Nontraumatic intracerebral hemorrhage, multiple localized
ICD-10 I61.6 is a billable code used to indicate a diagnosis of nontraumatic intracerebral hemorrhage, multiple localized.
Nontraumatic intracerebral hemorrhage (ICH) refers to bleeding within the brain tissue itself, which can occur due to various underlying conditions, primarily hypertension and vascular malformations. The clinical presentation often includes sudden onset of headache, neurological deficits, altered consciousness, and seizures. The anatomy involved typically includes the cerebral hemispheres, particularly the basal ganglia and thalamus, where most hemorrhages occur. Disease progression can lead to increased intracranial pressure, brain edema, and potential herniation, necessitating urgent medical intervention. Diagnostic considerations include neuroimaging techniques such as CT or MRI scans, which help confirm the presence and extent of hemorrhage. In cases of multiple localized hemorrhages, it is crucial to assess the underlying etiology, which may include chronic hypertension, coagulopathy, or cerebral amyloid angiopathy, to guide treatment and management strategies effectively.

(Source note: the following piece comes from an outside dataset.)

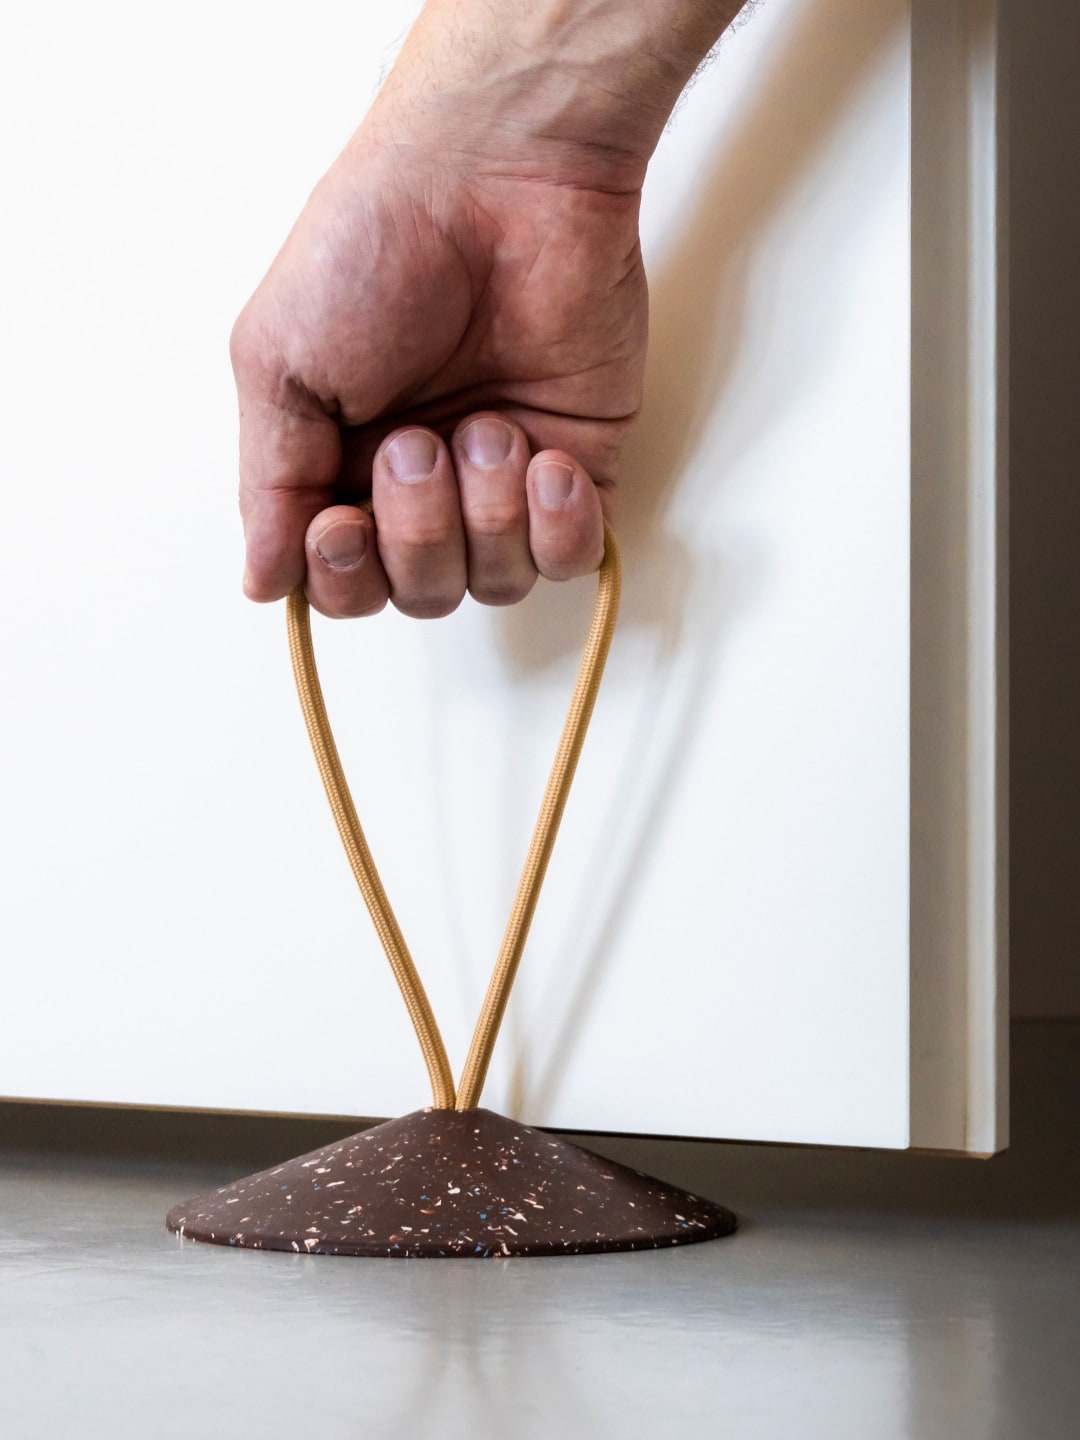 A hand is holding a piece of chocolate on a Pidät - STOP Doorstop.
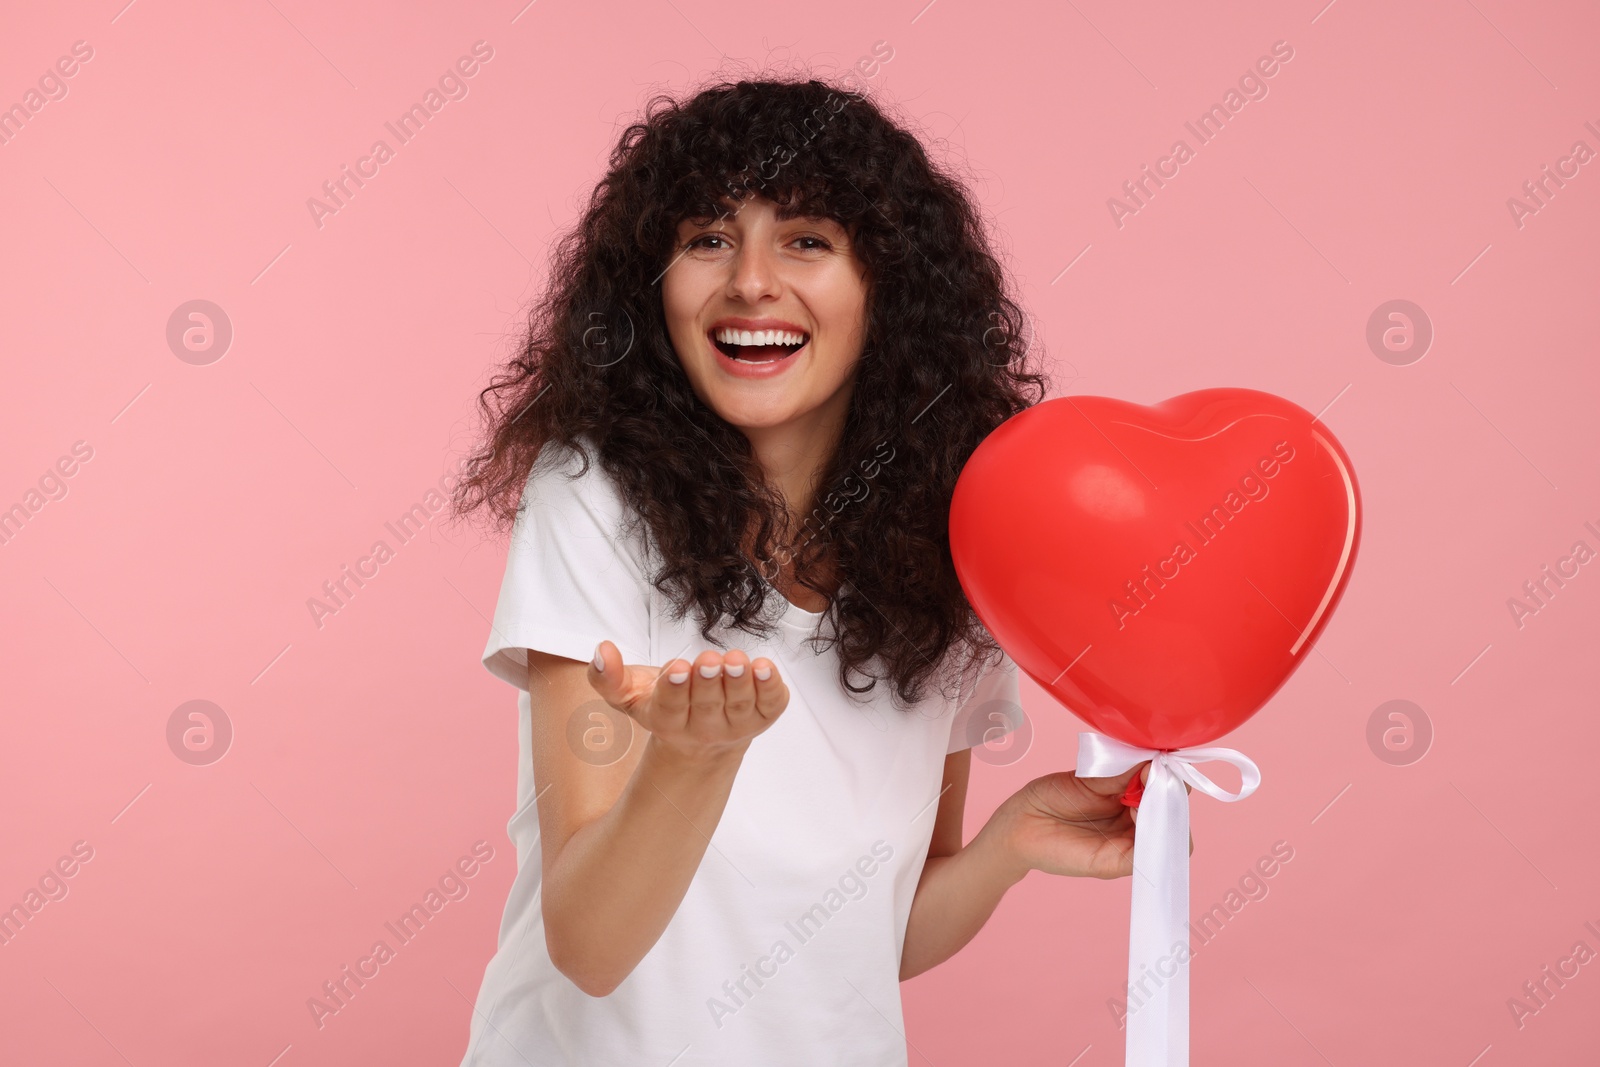 Photo of Young woman holding red heart shaped balloon on yellow background

Standard ICD-10-CM documentation requirements apply
Various clinical presentations within this specialty area
Follow specialty-specific billing guidelines
Standard ICD-10-CM documentation requirements apply
Various clinical presentations within this specialty area
Follow specialty-specific billing guidelines
I61.6 covers nontraumatic intracerebral hemorrhage occurring in multiple localized areas of the brain, often due to hypertension, vascular malformations, or coagulopathy. It does not include hemorrhages due to trauma or those classified under other specific codes.
I61.6 should be used when there is clear evidence of multiple localized hemorrhages in the brain, as opposed to a single site or unspecified hemorrhage. Accurate imaging and clinical findings must support this code.
Documentation must include detailed clinical notes outlining the patient's symptoms, imaging results showing multiple hemorrhagic areas, and any relevant medical history that may contribute to the condition, such as hypertension or anticoagulant use.